And I said, “Gabe and Brian.” Gabe lives here in town; he goes to my church. He does ministry at my church; and Brian lives down in Norfolk, Virginia. I only see him like once a month when we have a call together, but I feel like they're my best friends. Because I see one all the time in person, and I see one from a distance. I can be one hundred percent honest with him, one hundred percent myself, and he loves Jesus. That’s he common denominator between Gabe and Brian is that they both absolutely are passionately in love with the Savior. It just bleeds out from them. It pours over into me all the time. And I love Jesus as well, and we all kind of encourage one another.

My desire one day is to get all three of us in one room, because they don't know each other.
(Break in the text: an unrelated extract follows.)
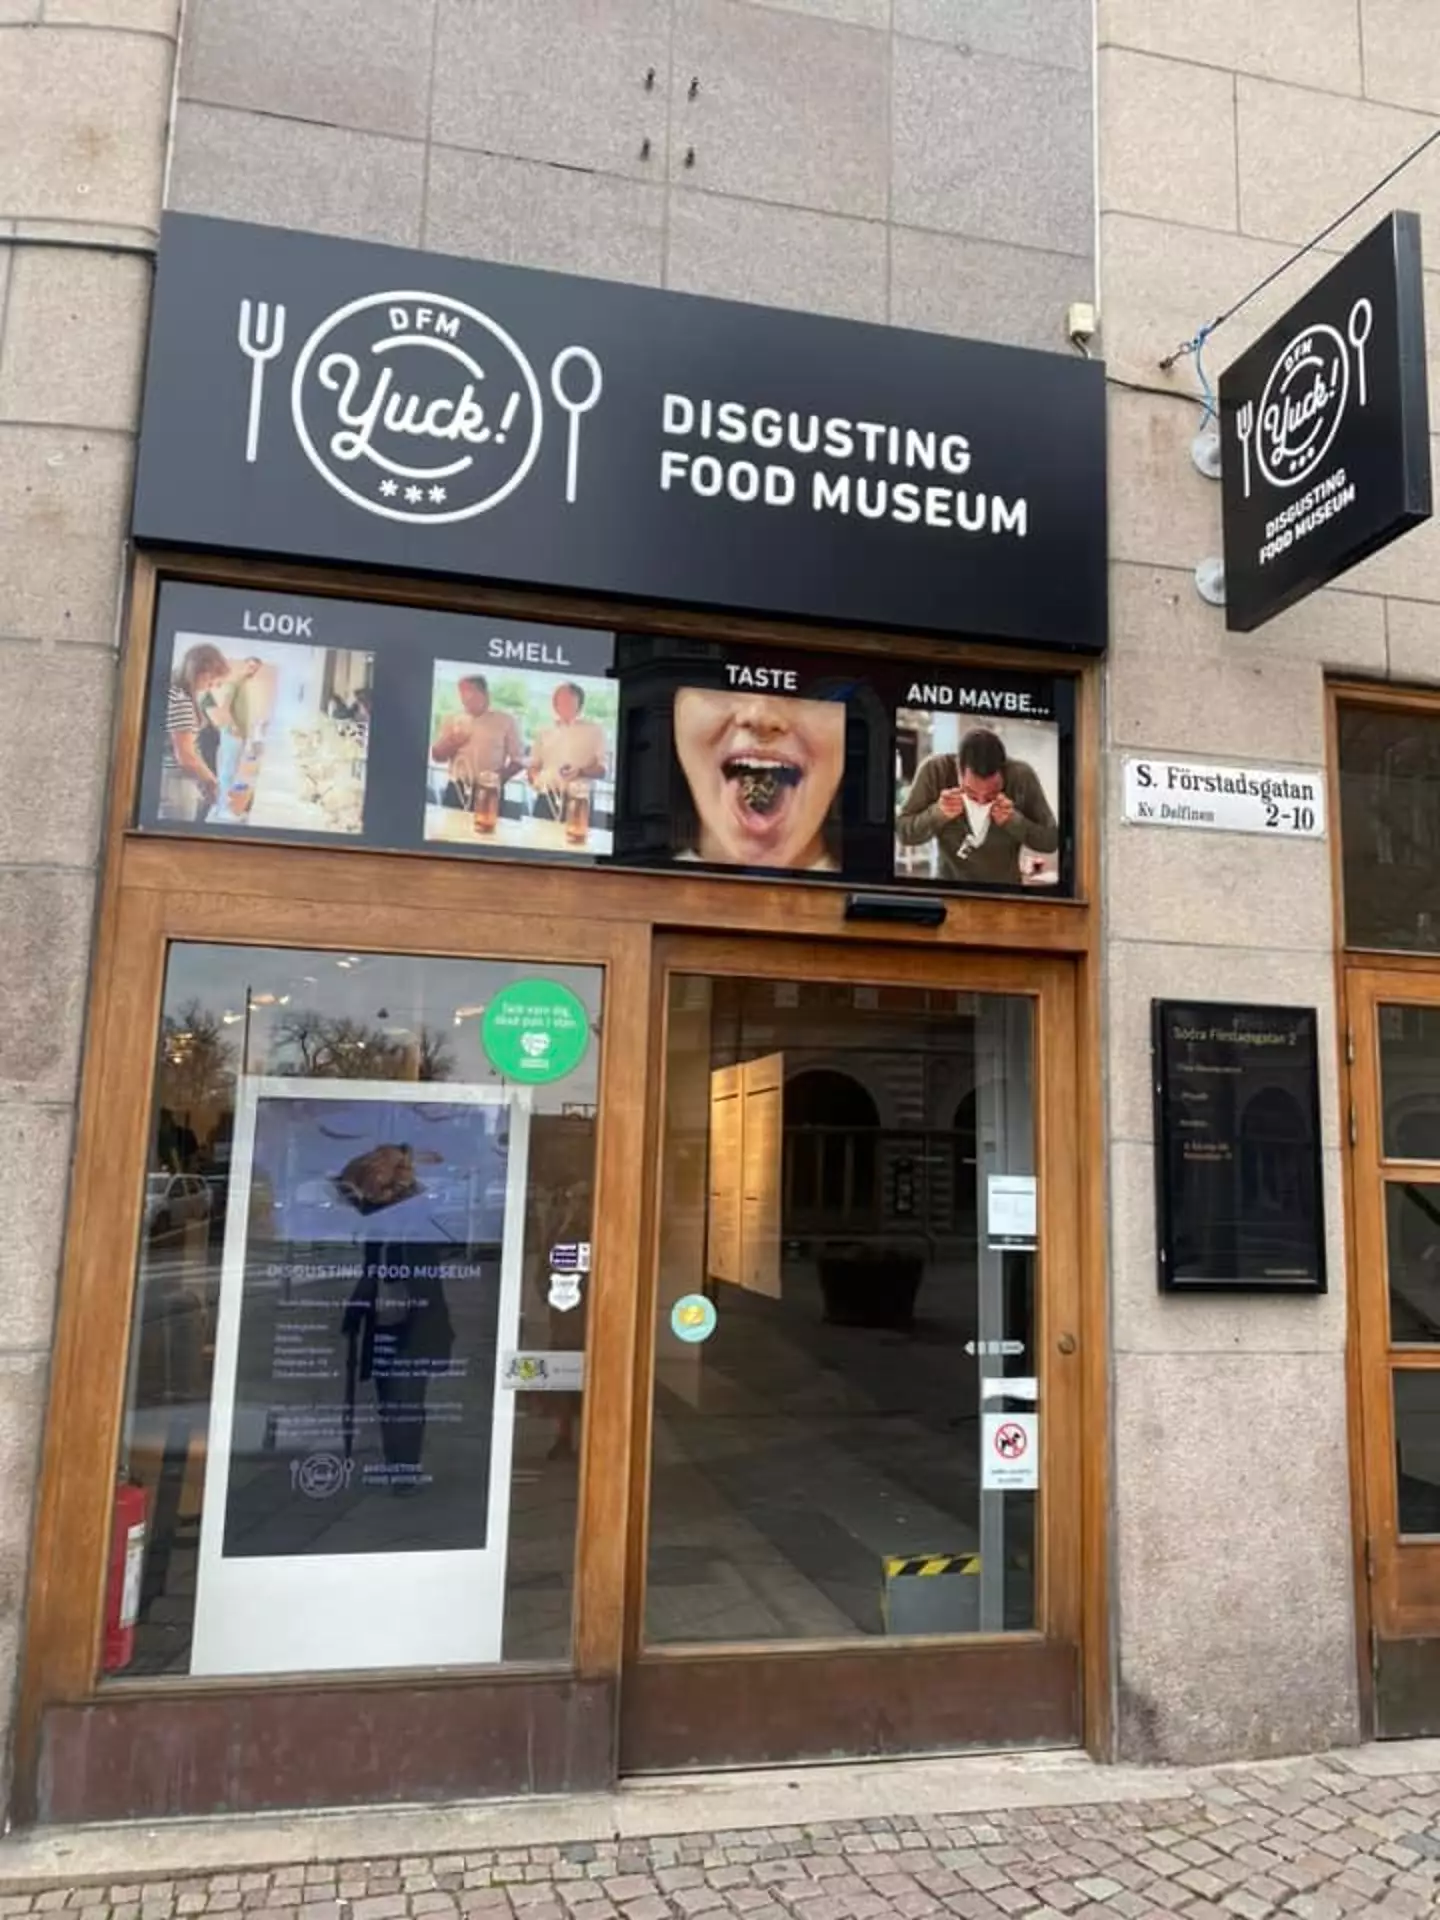 The Disgusting Food Museum, Malmo. It's worth a visit.

Like I want to get us in a room at one point and just see what happens.

Reagan: That would be so fun.

Shelby: Yes, but I love that like you guys have this, and truth be told I do still keep in touch with people who I was In college with who love Jesus. Because of technology we could do that. You guys seem to be a little bit of a horse of a different color. You could live next to one another in your forties, that would be amazing.

Reagan: We could. That would be awesome.

Bela: I just sent her a reel, and it's like these two houses. They're joined together by a porch, and I was like, let's live here. I said, “Except your house will probably be bigger, and mine will probably be smaller, because I'm probably going to be poor.” But if I'm married and I have kids, it doesn't really matter.

Shelby: You guys are near the tail end of your college experience.

Reagan and Bela: [Cheering] I know, finally!

Shelby: Awesome. What kind of, like, maybe friendship advice do you think you could give to the eighteen or nineteen year old who's listening?

Reagan: Your friends from the first week of college are not going to still be your friends and that's okay. So true.

Shelby: You answered that really fast.

Bela: I was going to say the same thing. I was literally going to say the same thing. It happened to me. I was like, these are lifelong best friends, and then in like two months they're like nowhere to be found. [Laughter]

Reagan: Yes.

Shelby: Yes. Okay. Why? Why is that? Why is that? What happens?

Reagan: I think just, I'm so different from when I was eighteen years old. Like, I was just talking about this with my sister, because we were talking about high school relationships, and like dating. I was like, I could not still be dating my high school boyfriend. Like, I know we both have changed and grown, but like, where I was in my faith in high school is so different now. So, I can't imagine being in that relationship that like, started when I was like, seventeen years old. I'm just such a different person.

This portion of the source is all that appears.